[prog] More Perl questions

[Jacinta Richardson]

On Thu, 5 Jun 2003, Dan Richter wrote:

> I was reading some documentation about a Perl function that returns a list 
> of items in list context, but only returns the first item in scalar context.
> 
> Now, I understand that in Perl, an array can be treated as a scalar (in 
> which case it returns the index of the last element in the array).

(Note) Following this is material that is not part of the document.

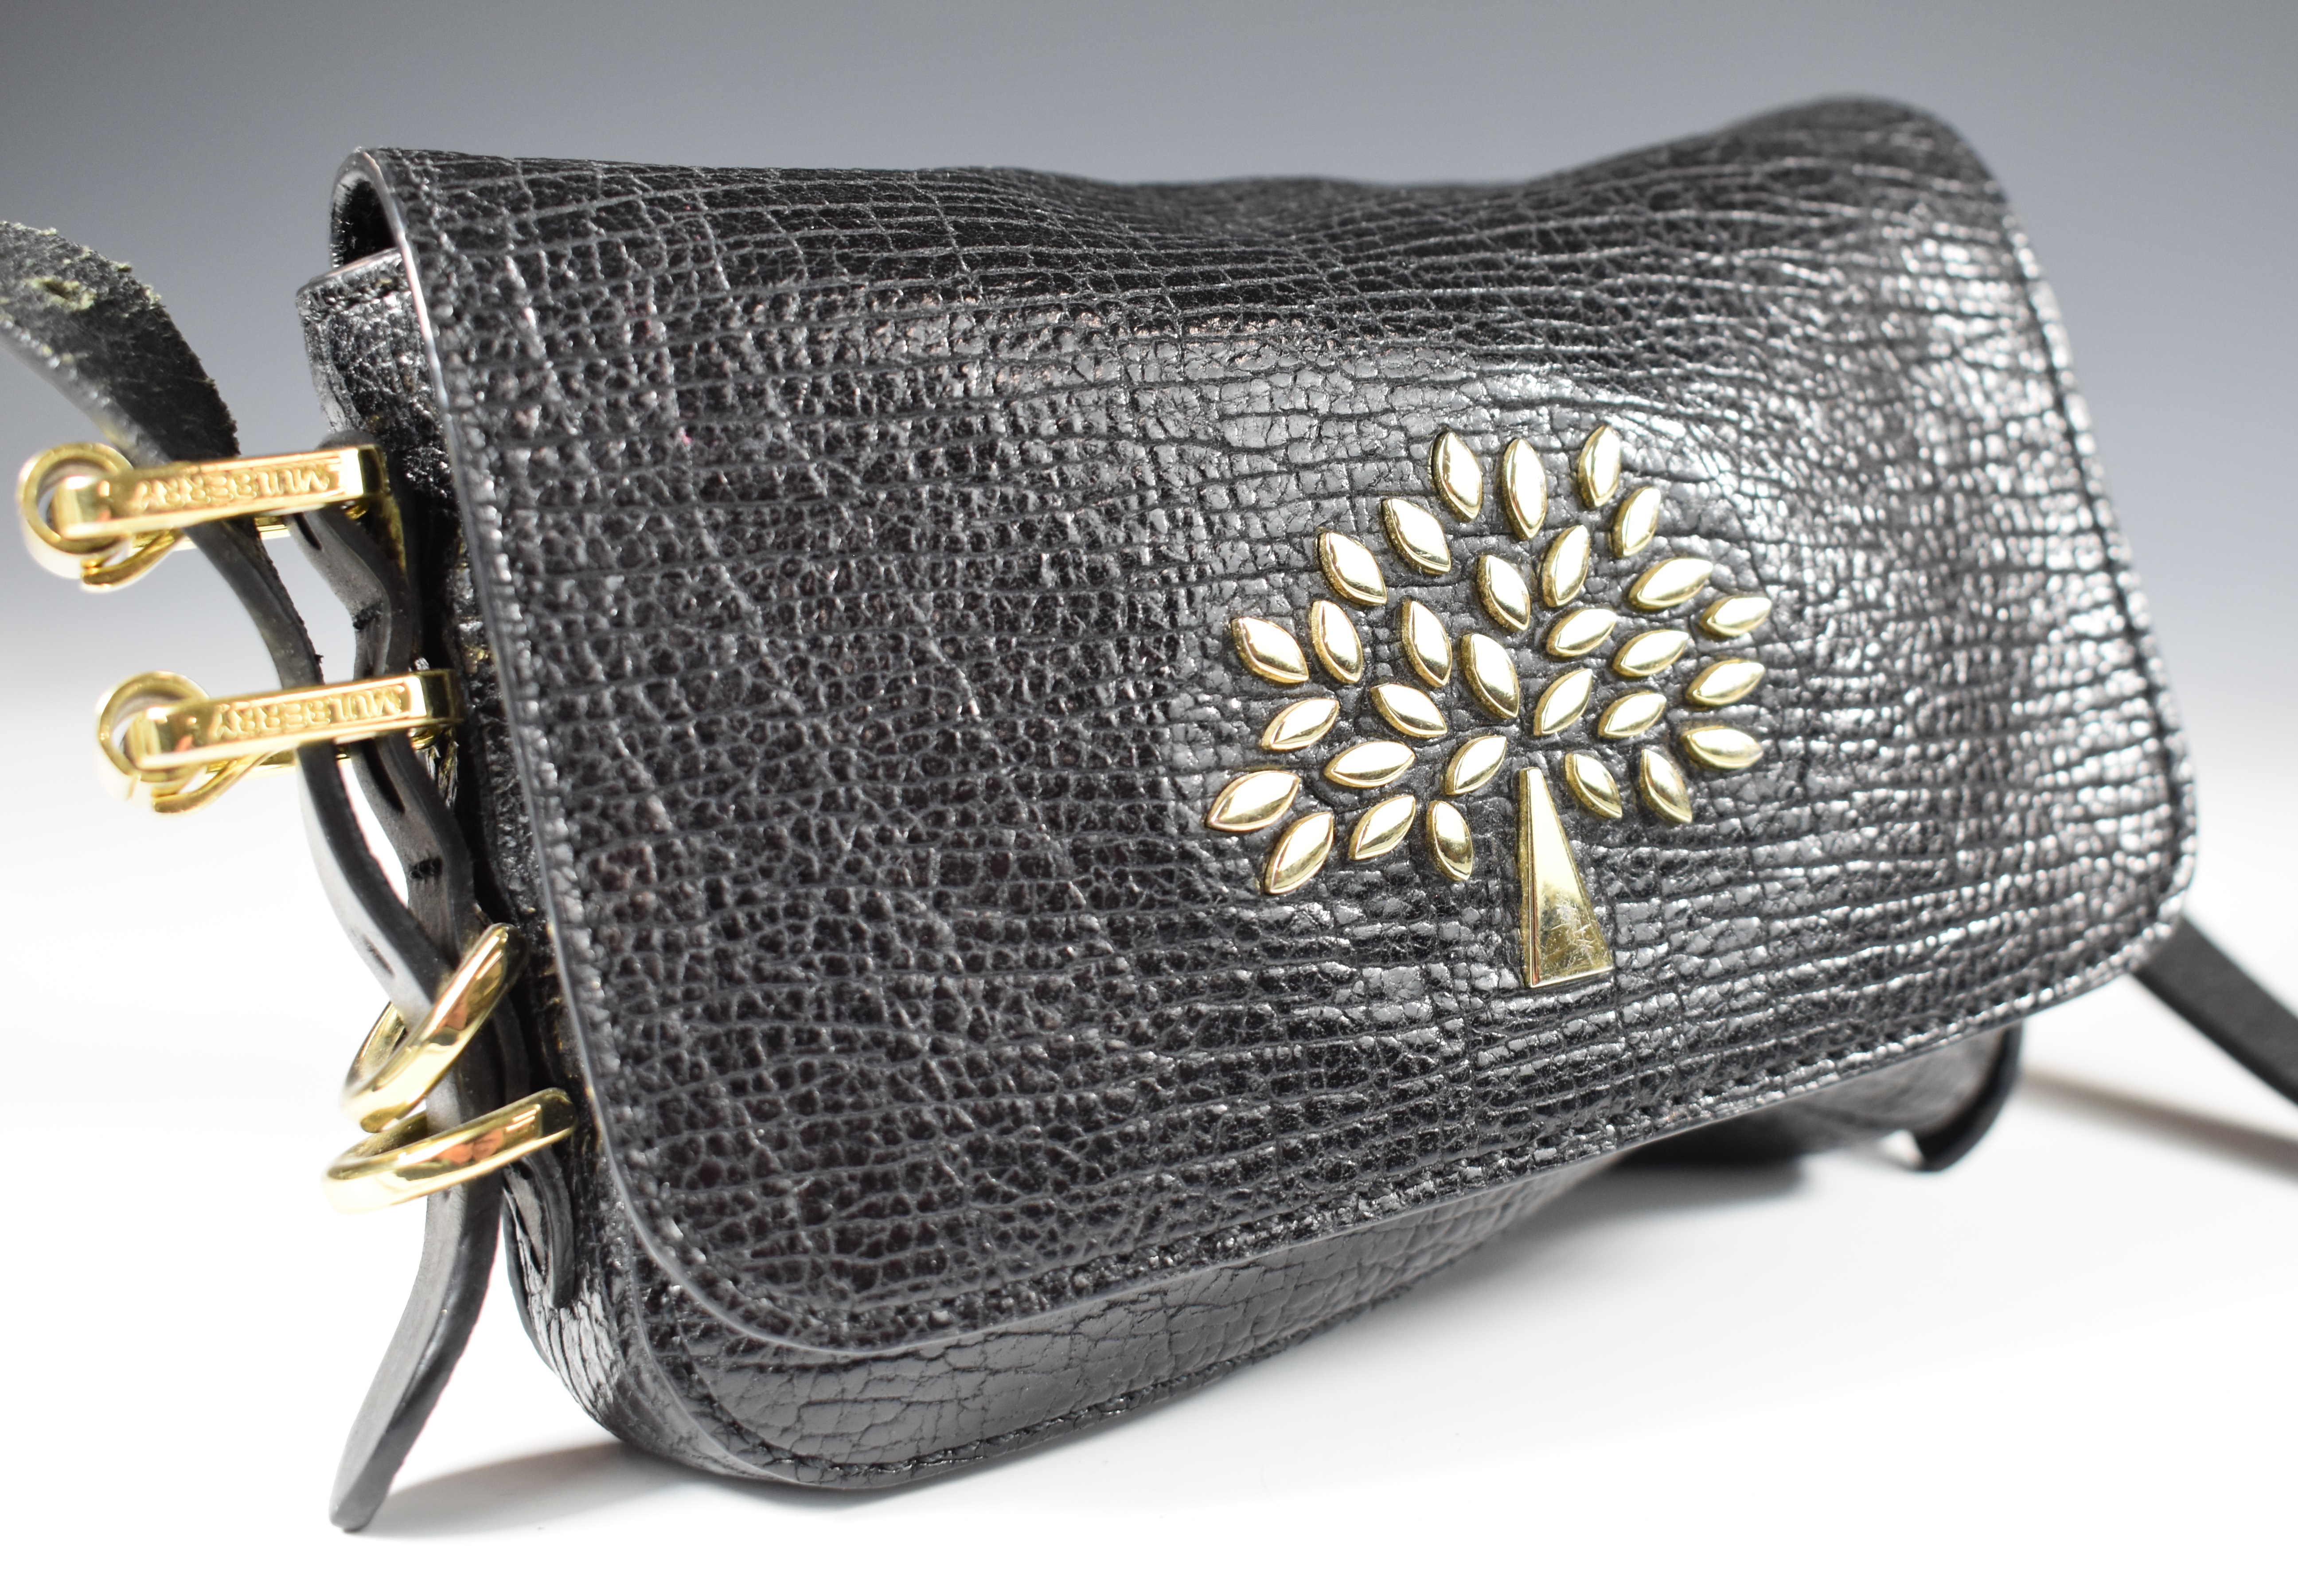 Mulberry Mila Mini handbag in black leather with gilt metal hardware, with original label, 15 x 10. - Image 3 of 9

A minor correction here.  If you treat a Perl array as a scalar it returns
a value one greater than the index of the last element in the array.  This
value also happens to be the number of elements in the array since the
array indexing starts at zero.  To get the index of the last element of
the array minus one from the array size or look at $#array (if your array
is called "array").

So:

my @array = qw/fish and chips and vinegar/;
	# or @array = ("fish", "and", "chips", "and", "vinegar"); if you
	# don't like qw//;

print $array[0];	# prints "fish";
print @array;		# prints "fishandchipsandvinegar"

my $elements = @array;
print $elements;	# prints 5
print $#array;		# prints 4 (the value of the last index)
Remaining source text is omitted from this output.